Panagiotis Dedeilias†1, Ioannis Nenekidis†1, Panagiotis Hountis†1, Christos Prokakis†2, Paraskevi Dolou†3,
Efstratios Apostolakis†2 and Efstratios N Koletsis*†2
Abstract
Background: Although mediastinal tumors compressing or invading the superior vena cava represent the major
causes of the superior vena cava syndrome, benign processes may also be involved in the pathogenesis of this medical
emergency. One of the rarest benign causes is a pseudoaneurysm developing in patients previously having heart
surgery.
Case report: We present the case of a large pseudoaneurysm of the ascending aorta, five years after primary surgery,
with a significant compression of the right mediastinal venous system causing superior vena cava syndrome, detected
at chest CT angiography.

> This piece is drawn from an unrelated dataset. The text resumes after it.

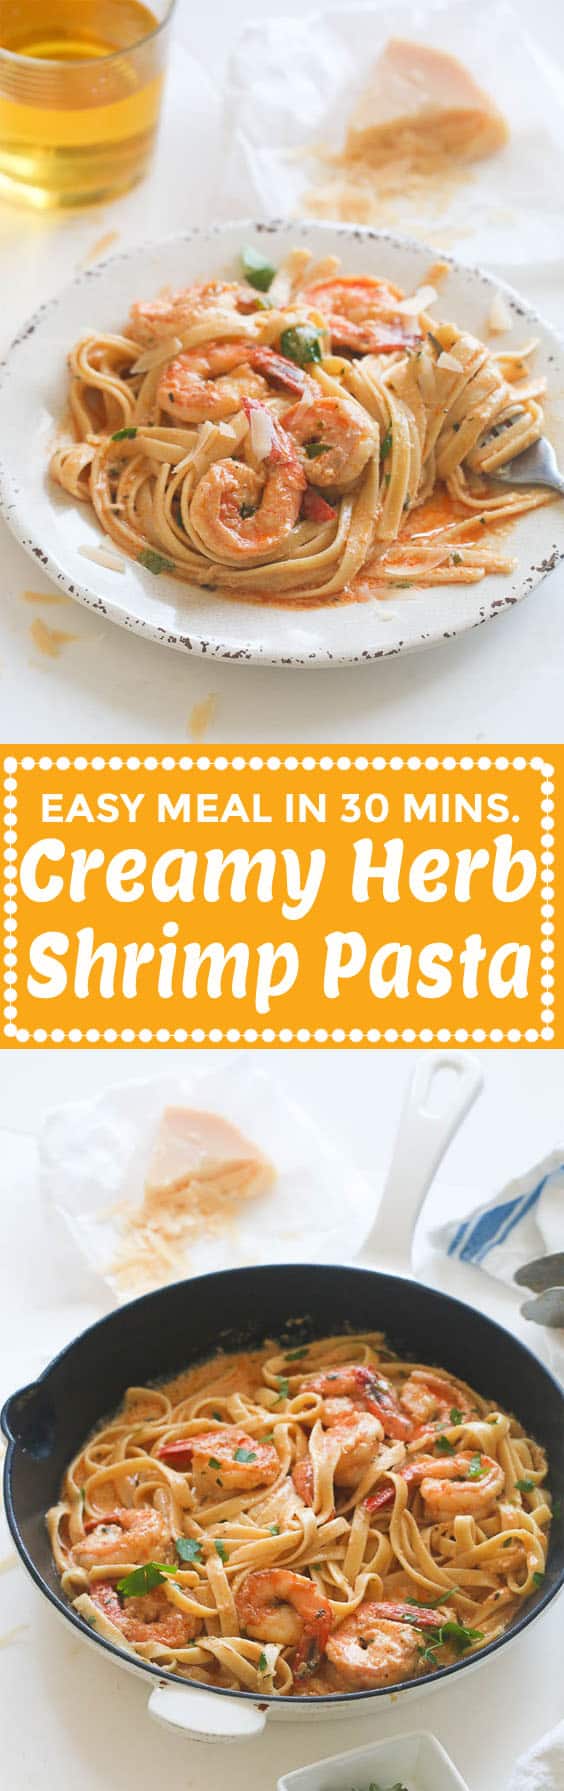 Creamy Herb Shrimp Pasta Recipe

Perioperative findings showed two rush out points both coming from the distal aortic suture
line which was performed five years ago. The patient underwent reoperation under circulatory arrest facilitating safe
exploration and repair of the distal anastomotic leaks
Conclusion: Enhanced chest CT should be always undertaken in all patients with superior vena cava syndrome,
especially in those previously having cardiac or aortic surgery to correctly evaluate the presence of a pseudoaneurysm.
Mass effect to the superior vena cava makes necessary an open surgical treatment of the pseudoaneurysm so as to
concurrently resolve the right mediastinal venous systems compression. Surgery should be performed in terms of safe
approach to avoid exsanguination and cerebral malperfusion.